Member of Parliament

Caygill was first elected to Parliament at the 1978 general election as MP for the Christchurch electorate of St Albans. He served for six terms. Caygill was described as one of the most energetic new members elected at the 1978 election. Just under a year later in a reshuffle in October 1979 Caygill was promoted by Labour leader Bill Rowling and given the economic development portfolio.

In March 1981 he had his responsibilities switched and was instead appointed Shadow Minister of Local Government. His duties changed again in February 1982 and he became Shadow Minister of Energy. When David Lange replaced Rowling leader he appointed Caygill as Shadow Minister of Trade and Industry in March 1983.

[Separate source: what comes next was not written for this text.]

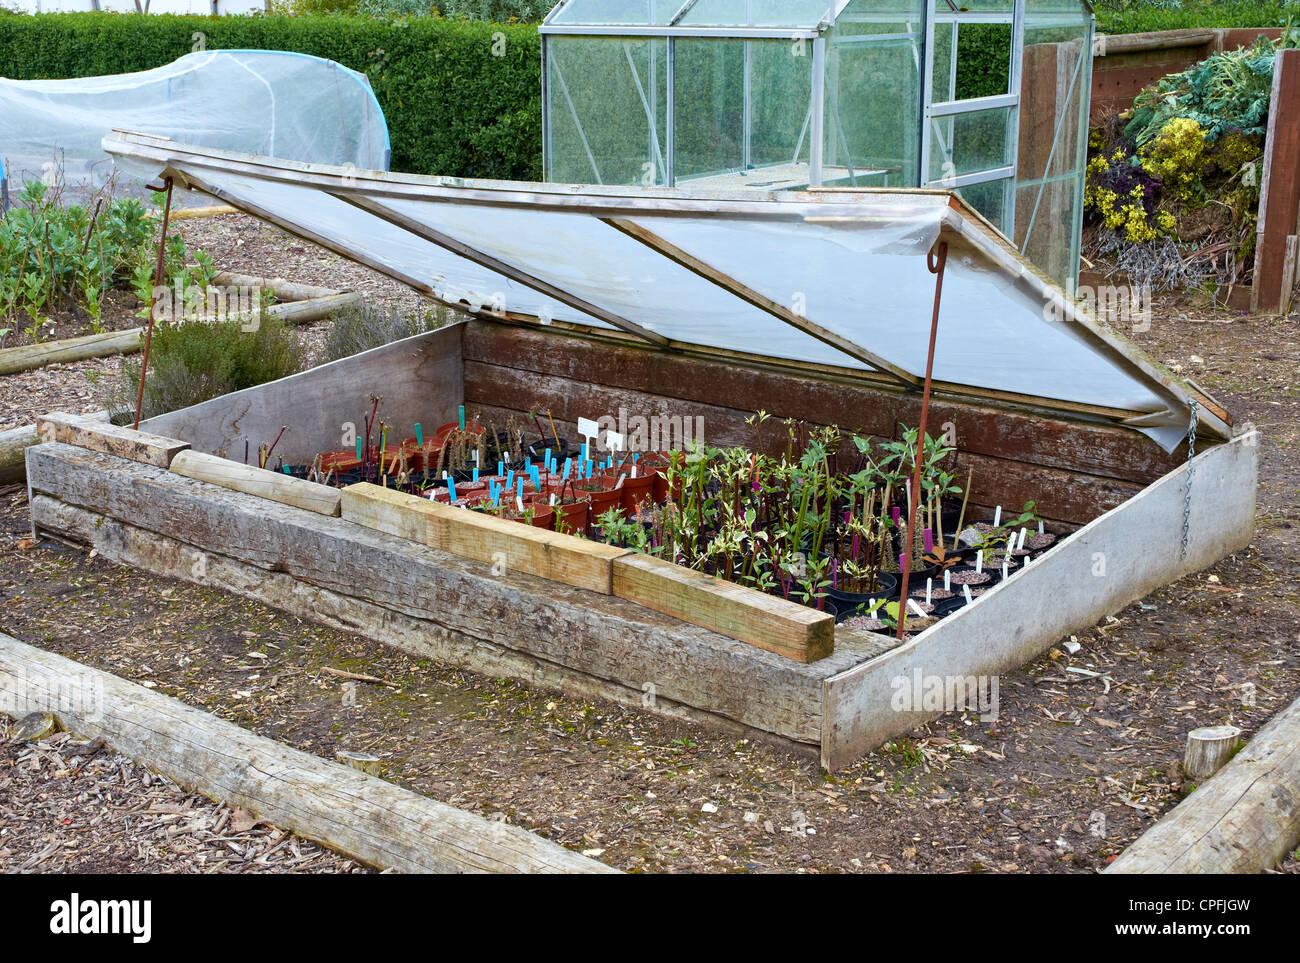 Cold Frame Garden Stock Photos & Cold Frame Garden Stock Images - Alamy

Lange Ministry (1984–1989)
When the Fourth Labour Government was formed after the 1984 elections, Caygill aligned himself with Roger Douglas, the controversial Minister of Finance. Douglas, Caygill, and Richard Prebble were together dubbed "the Treasury Troika", and were responsible for most of the economic reform undertaken by the Labour government. The "Rogernomics" reforms, which were based on free market economic theory, were unpopular with many traditional Labour supporters, but Caygill managed to avoid the worst of the condemnation directed towards Douglas and Prebble. When the two became founding members of the ACT New Zealand political party in 1994, Caygill chose not to join them.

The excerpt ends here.